Это правда, у них было заведено – коды защиты всегда вводила Брита, Грета же не афишировала своего знания и прикрывалась прекрасной легендой о том, что никак не запоминает эти абракадабры. Это давало возможность бесконтрольно, не отмечаясь в службе защиты, приходить Брите в лабораторию в то время как Грета изо всех сил изображала их обоюдное обучение у модуса.

Грета фыркнула: – ну уж, небольшая заслуга бесполезный набор знаков вызубрить – «а фэ четыре е», корень из двух! – Грета нарочно воспроизвела два отрывка из кода и Брита поняла, что этой ночью Грете пришлось вспомнить не только эти отрывки. Но зачем?!

– Может там инкубаторы взбесились? – хохотнула Грета, – решили покончить собой из-за собственного к себе презрения?

У Бриты глаза заполнили все лицо, она не верила своим ушам. Это что же, Грете понадобился инкубатор? Ночью?! Неужели нельзя было подождать и так не рисковать – за два месяца до срока, когда у Светки должен будет.. должен …выйти плод, они бы что-нибудь бы придумали!

– Бред, – как выплюнула Брита, – шуточки твои как всегда омерзительны. Фу, – добавила она и демонстративно пошла в коридор. Омерзительны как твое чавкание.

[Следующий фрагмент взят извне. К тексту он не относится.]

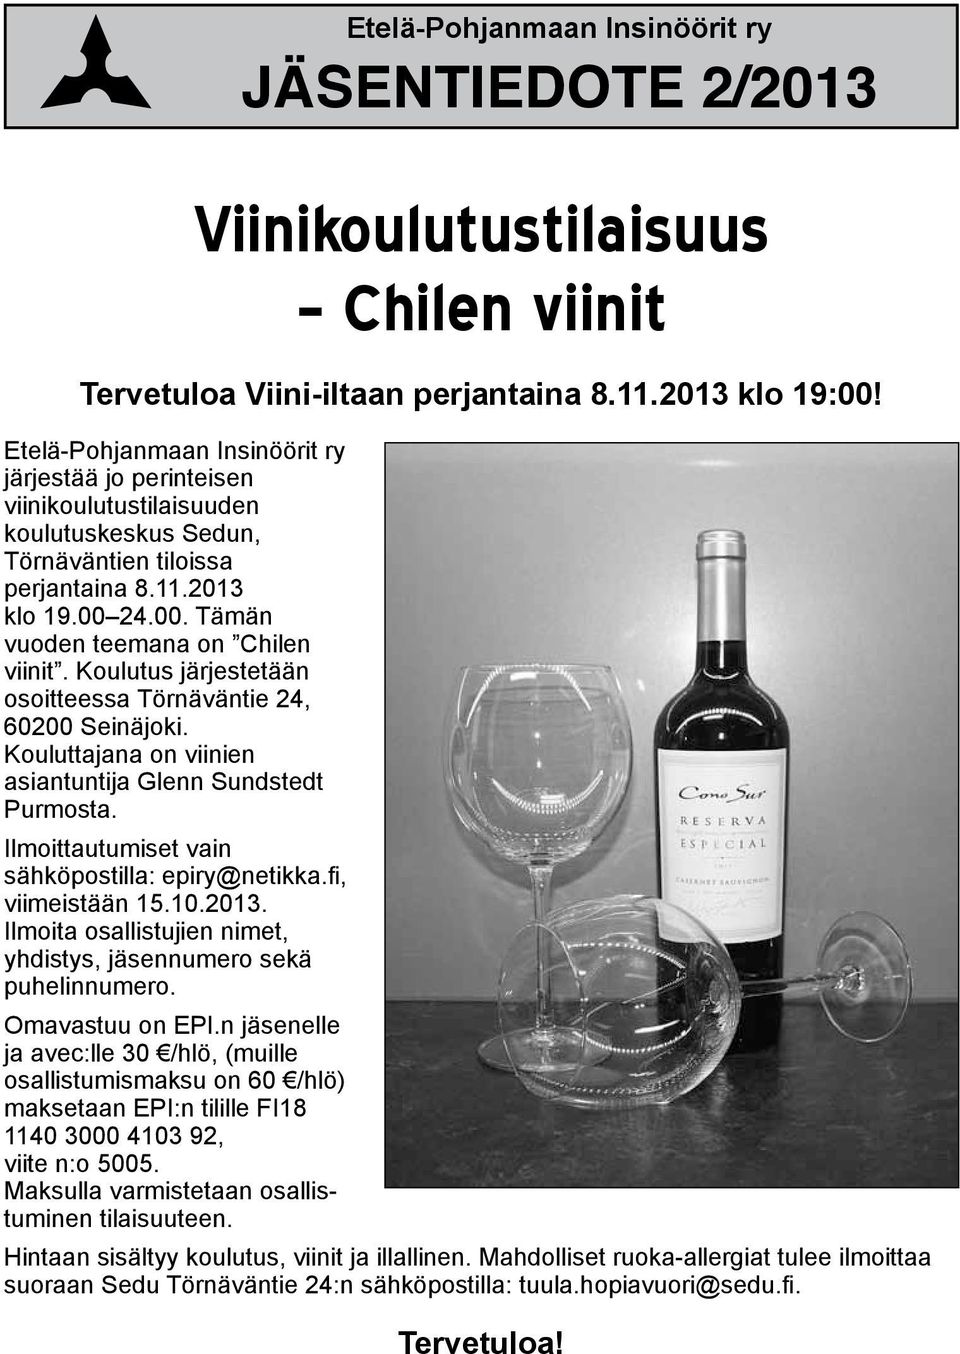 Koulutus järjestetään osoitteessa Törnäväntie 24, 60200 Seinäjoki. Kouluttajana on viinien asiantuntija Glenn Sundstedt Purmosta. Ilmoittautumiset vain sähköpostilla: epiry@netikka.fi, viimeistään 15.

Грета тоже вышла. Она видела, что Брита не поняла всего, что она хотела ей сказать, но как еще объяснить? Грета вернулась в свою комнату, взяла еще хрустяшек и снова вернулась к Брите в комнату. Брита стояла в коридоре у окна и пыталась обдумать ночное происшествие с учетом новых фактов. То, что со Светкой все в порядке было понятно просто из того, что Грета этой темы не касалась. Ну и хорошо… Только непонятно, зачем было так рисковать и почему нельзя было ее, Бриту предупредить.. Может, Грета переутомилась, она вчера уходила странная какая-то…Брита видела, как Грета зашла к ней в комнату и хихикая выскользнула из нее. Постояв еще немного, Брита вернулась.

На столе ифномодуса были рассыпаны те самые хрустяшки, которыми чавкала Грета. Брита уставилась на них с удивлением и краем глаза увидела в дверях подглядывающую Грету, которая вдруг захохотала в голос и убежала снова в свою комнату. Продолжая хихикать, она, будто себе под нос, злорадствовала: – Чавкание тебе не нравится, может, чавкать нечем? Ну, хоть несколько зубов, может, осталось? Вот тебе на каждый оставшийся зуб…

Брита вслушиваясь в предназначенное для нее бурчание, отметила, что хрустяшки рассыпаны неровной линией, а последние две лежат как бы отдельно. Та-а-к… Всего девять, семь и две, две раздавленные, остальные целые… Инкубаторы… девять…семь…

Светка выполнила миссию!? – осенило Бриту. Она сдавленным охрипшим голосом сказала только: – Кошма-а-р! И оставив хрустяшки на бактерий-мусорщиков, опрометью помчалась в ванную.

Бриту тошнило. Она представила, чем пришлось сегодня ночью заниматься Грете, она представила Светку… Она была очень привязана к Светке, испытывала к ней какое-то странное чувство – хотелось ее защитить, пожалеть… А Светкина улыбка? Брита и сейчас часто вспоминала ее в минуты грусти. И вот рядом с этими добрыми, почти нежными чувствами теперь появилось чувство брезгливости, воспитанное в ней тем обществом, где она вынуждена была лгать и притворяться, чтобы оставаться собой.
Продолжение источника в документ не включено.